「ポケモン」のオープンワールド化は成功だったのか? 『ポケモン スカーレット・バイオレット』の新しさと課題

 11月18日、「ポケットモンスター」(以下、「ポケモン」)シリーズのナンバリング最新作『ポケットモンスター スカーレット・バイオレット』(以下、『ポケモンS・V』)が発売を迎えた。

 本稿では、プレイを通じて受け取ったインプレッションから、同タイトルの良かった点、悪かった点を考えていく。シリーズ初のオープンワールド化は、成功と呼べる挑戦になったのだろうか。

シリーズ最多の販売本数を見据える最新作

ポケットモンスター スカーレット・バイオレット 紹介映像

 「ポケモン」シリーズは、1996年発売の『ポケットモンスター 赤・緑』を初作とする、ゲームフリーク開発・任天堂発売のRPGだ。これまで9作のナンバリングにくわえ、複数のスピンオフやリメイク、モバイルゲーム、カードゲームなどがリリースされている。直近では、2016年にサービス開始となった『Pokémon GO』が老若男女を問わない支持を獲得し社会現象となったほか、シリーズの登場とともに発売された『ポケモンカードゲーム』が20年以上もの時を経てブレイク。カルチャーシーンへの影響力をさらに強めている現状がある。

 今回発売となった『ポケモンS・V』は、前作『ポケットモンスター ソード・シールド』以来、3年ぶりとなるナンバリング最新作。シリーズとして初めてオープンワールドの仕組みを取り入れた。前作が発売されてからの間に爆発的に進んだNintendo Switchの普及を追い風に、シリーズ最多の販売本数を記録できるか。
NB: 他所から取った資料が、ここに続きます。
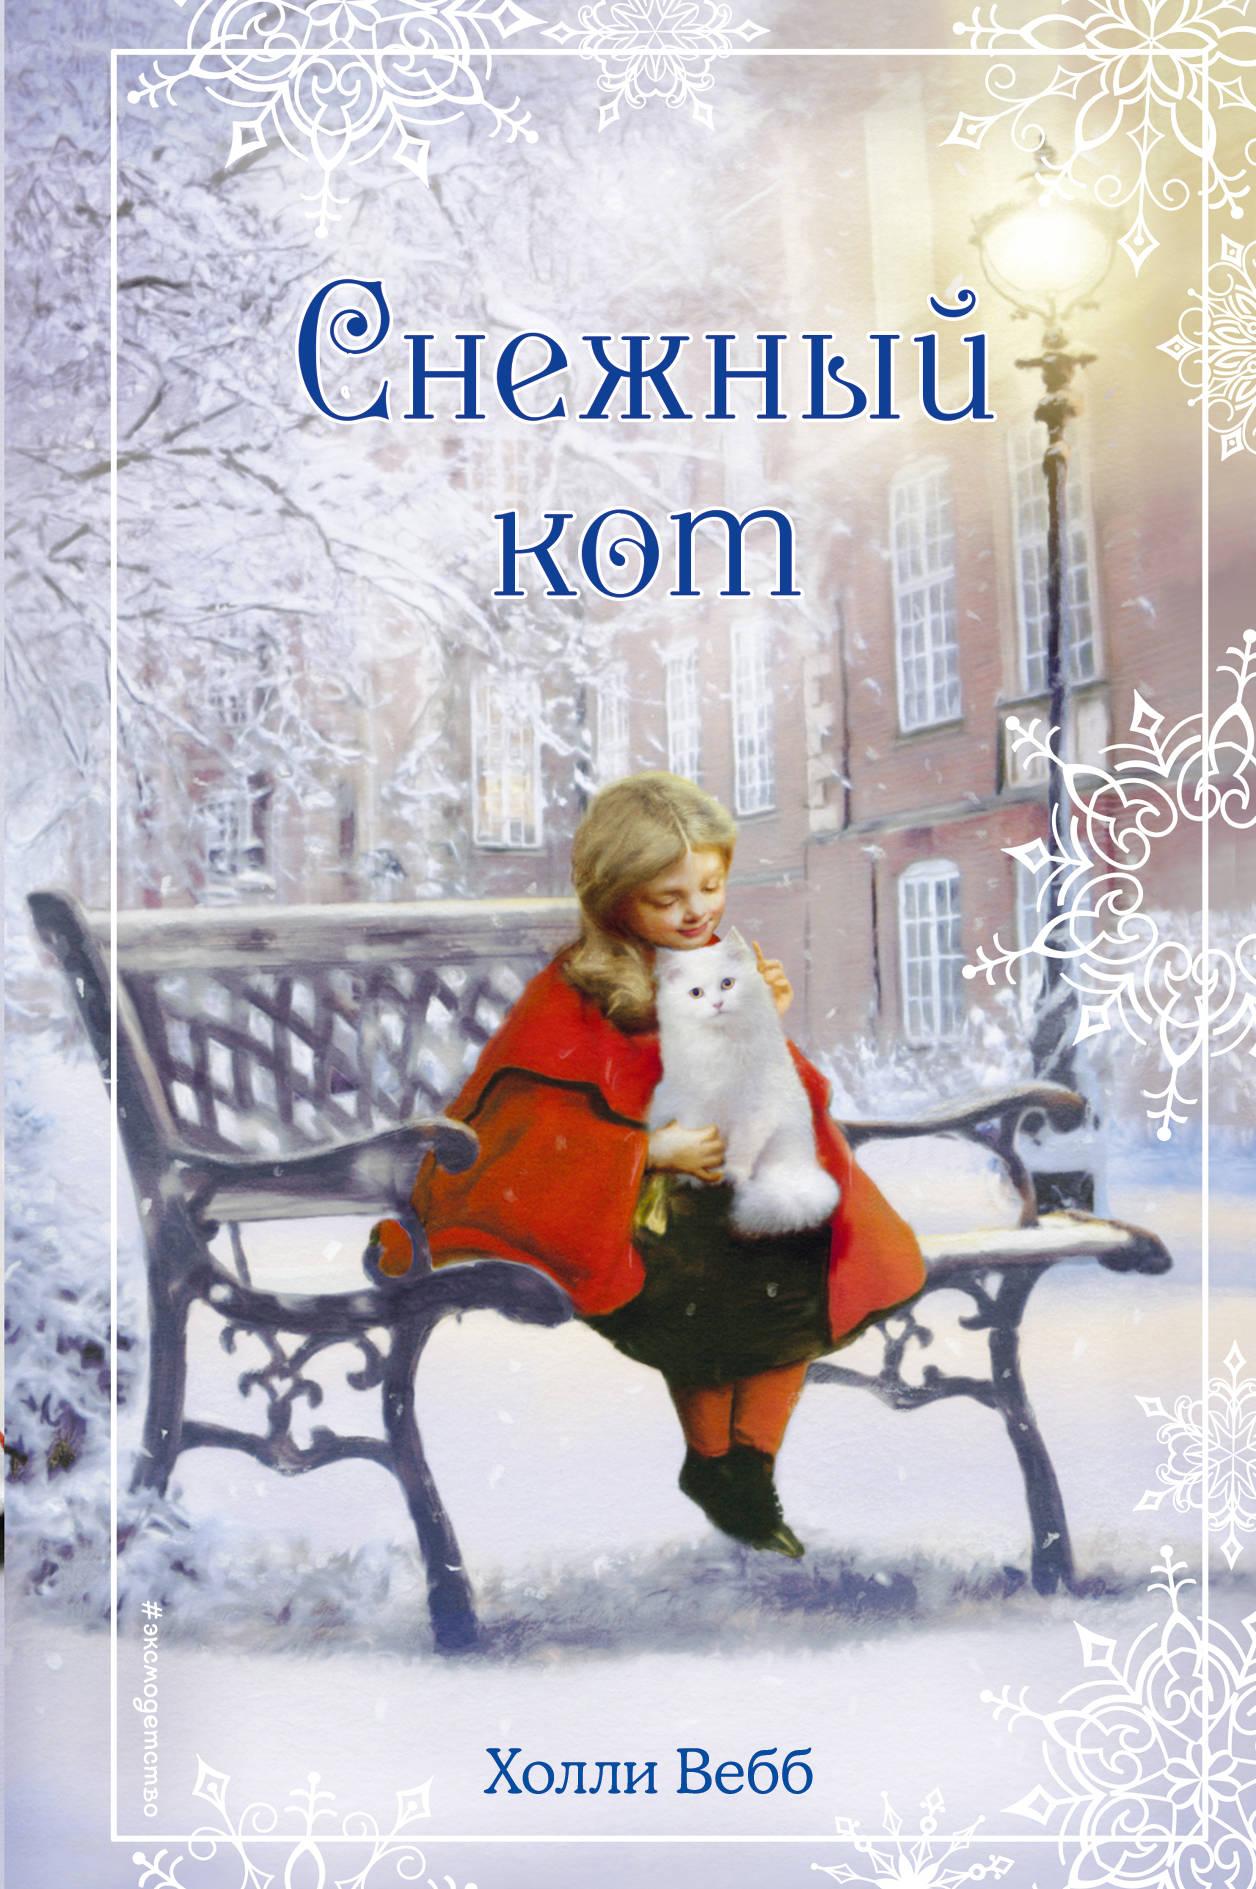 Холли Вебб Рождественские истории. Снежный кот

その動向に期待が集まっている。

魅力はプレイヤー没入させる3つの要素

 『ポケモンS・V』の良い点として、まず私が挙げるのはシリーズのナンバリングにおいて一貫してきた「ポケモン」というゲームの面白さだ。お気に入りのポケモンを探し、集め、育て、ともに冒険する。これは1996年の登場から26年間、絶えることなく受け継がれてきたシリーズの伝統的な面白さである。『ポケモンS・V』においても、こうした魅力は色あせていない。それどころか、新たに採用された「オープンワールド化」「完全シンボルエンカウント」によって、輝きを増している感さえある。

 「◯◯タイプのポケモンがほしいから、どこよりも先にあのエリアに行こう」「あっ、〇〇がいる!つかまえよう!」このように感情を動かしながら、遊んでいるプレイヤーも少なくないはず。この点は何にも代えがたい同タイトルの魅力と言えるだろう。

 また、「チャンピオンロード」「レジェンドルート」「スターダスト★ストリート」に描かれた物語もそれぞれに魅力があり、引き込まれるものだった。発売前の触れ込みでは、「3つはそれぞれに独立し、どれがメインであることもなく、ゲームの目的として存在している」と言われていた。実際に遊んでみると、まさにそのとおりで、そこには「どれから進めよう?」「どんな話になるんだろう?」というワクワク感もあった。すべてのプレイヤーがRPGの一本道感に縛られることなく、思い思いの順(各シナリオの中の攻略順まで含め)でそれらに取り組んだはずだ。この点もまた、シリーズにおける大きなアップデートだったと感じた。

 より細かい点では、わざまわりのUIも秀逸だった。『ポケモンS・V』では、各ポケモンごとに「生まれもったものとして設定されているわざ」「これまで覚えたことのあるわざ」が記憶されており、メニューを開ける場所ならどこでも、わざを思い出したり、忘れたりが自由にできる。これまでのナンバリングでは、一切不可能だったり、特定のアイテムを消費したりする仕様だったが、今回はそこに不自由さを感じさせないものとなっているのだ。

 この点について、なかには「取捨選択を迫られないのは、RPGとして面白みに欠ける」との声もあるかもしれない。しかし、こと「ポケモン」シリーズにおいては、RPGとしての奥深さ以上に、どれだけカジュアルかつライトに遊べるかが重要であると思う。今後、オンライン対戦が盛り上がるにつれ、この仕様はより価値が見出されていくはずだ。本来、「はねる」「たいあたり」しか使えないはずであった進化したてのギャラドスが、その瞬間に「かみつく」「こおりのキバ」「しおみず」などを思い出せることに、便利さとシリーズの大きな進化を感じた。